About the book:
In the middle of the catastrophic 2008 recession, Aditya, a jobless, penniless man meets an attractive stranger in a bar, little does he know that his life will change forever
When Radhika, a young, rich widow, marries off her stepdaughter, little does she know that the freedom that she has yearned for is not exactly how she had envisioned it.
They say Homing Pigeons always come back to their mate, no matter where you leave them on the face of this earth. Homing Pigeons is the story of love between these two unsuspecting characters as it is of lust, greed, separations, prejudices and crumbling spines.
About the Author:
Book Trailer:
My Review:
“It is always
difficult for a person with a job to empathize with someone who doesn't.”
Clearly, the author reads the minds of humans adeptly. Though not unusual, a
debut author having a deep insight into human psychology is a welcome change,
specially when this insight deploys itself to use not just over the hardihood
and impudence of youth, but also a meaningless, hollow adulthood.
As the product of this insight, the author
presents to you two identifiable,
fallible characters: Radhika and Aditya.
Since in the deep dungeons of a debt-ridden
life, there is little respite, our male protagonist turns out to be a typical
professional-out-of-job-spending-fortune-drowning-sorrow in pegs of alcohol,
thereby clouding his thinking while ironically seeking to cleanse it. Then we
have the other imperfect protagonist Radhika, who seems to fallen in every
possible misfortune, not on account of ill-fate, but by virtue of indecision.
Coming from a debut author, this is a
remarkable, if not stellar piece of work, in that he manages to somehow create
people out of those characters, and not just hollow puppets compelled to
perform as the writer has suggested. That is the gem in this work: It has been
written so convincingly that it just skips your mind that it has an extremely
contemporary plot, which has all the cons of having an overdose of three
quirks: lust, greed and indecision.
Alternating between narrations by the two
of them, the reader is transported through the various stages in their lives at
an immaculately panoramic mode. However, the fact that the fallibility and
imperfection is every now and then highlighted only by the breach of moral
conduct, lack of a moral conscience and indecision as regards their physical
relationships is a bit of a put-off.
Nevertheless, it has many such
heart-rending instances whereby the reader earnestly wishes to sympathize with
the characters who have for long been living a life of compromise. Because,
“this is the reward for leading a loveless life”. Indeed, the author weaves
expressive, analeptic soliloquy and assuaging monologues much to the reader's fulfillment.
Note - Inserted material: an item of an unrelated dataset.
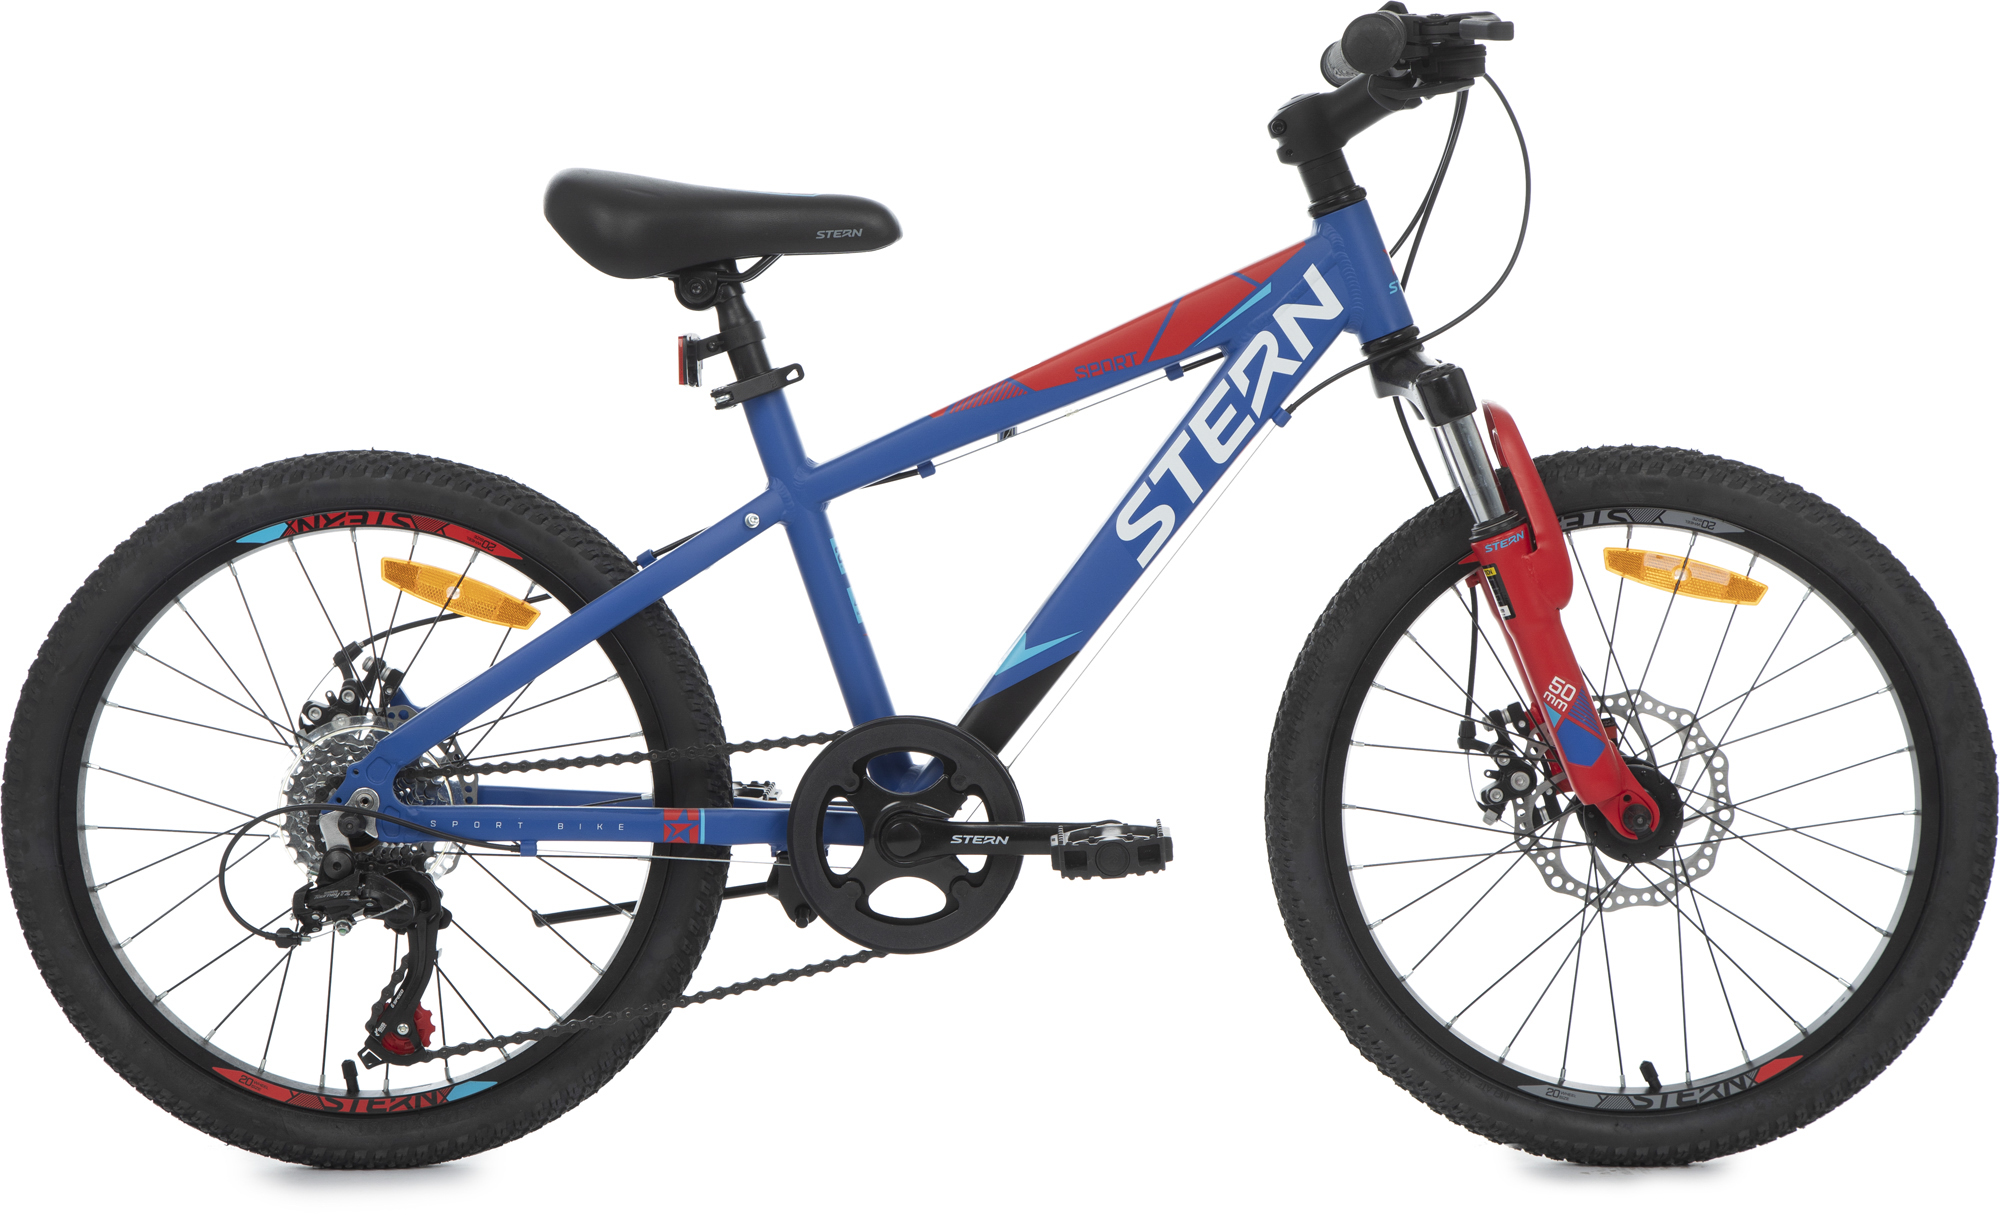 Stern Велосипед подростковый Stern Attack 20 Sport цена

There are moments when the reader is
compelled to put down the book and, wearing a toothy smirk, contemplate; for
instance when the male lead says, “Many complications in my life occurred when
I enhanced my vocabulary to include words like guilt, morals and cheating.
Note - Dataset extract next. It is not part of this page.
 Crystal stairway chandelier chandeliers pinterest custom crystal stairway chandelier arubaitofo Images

Ignorance is definitely more blissful.” or “I guess God is a little convoluted.
He does not always favor good people.” It is only later that the whole relevance
of these confessions is perceptible to the reader.
With a cathexis in all acts of
protagonists, it makes even the ugly bearable.
Amidst countless revelations of the reality
of (read: sham) NGOs, of the fickle-mindedness of human beings, of the agony
and mirth of re-starting one's life et al, is a far momentous sequence of
emotions: love, followed by practicality, quandary, repentance and finally
atonement for the follies.
Best line: If that wasn't love, then maybe
love didn't exist.
I wondered how simple life would be if
there was no currency. No notes made of paper or plastic that differentiated
between people. Or if there had to be a currency, then why it couldn't just be
love?
The ending is abrupt, somehow the plot
appears predictable and repetitive, but the presentation is so raw, jacose,
amusing, and umbriferous of dingy realities, that a reader cannot help but feel
a “book hangover” upon parting with it.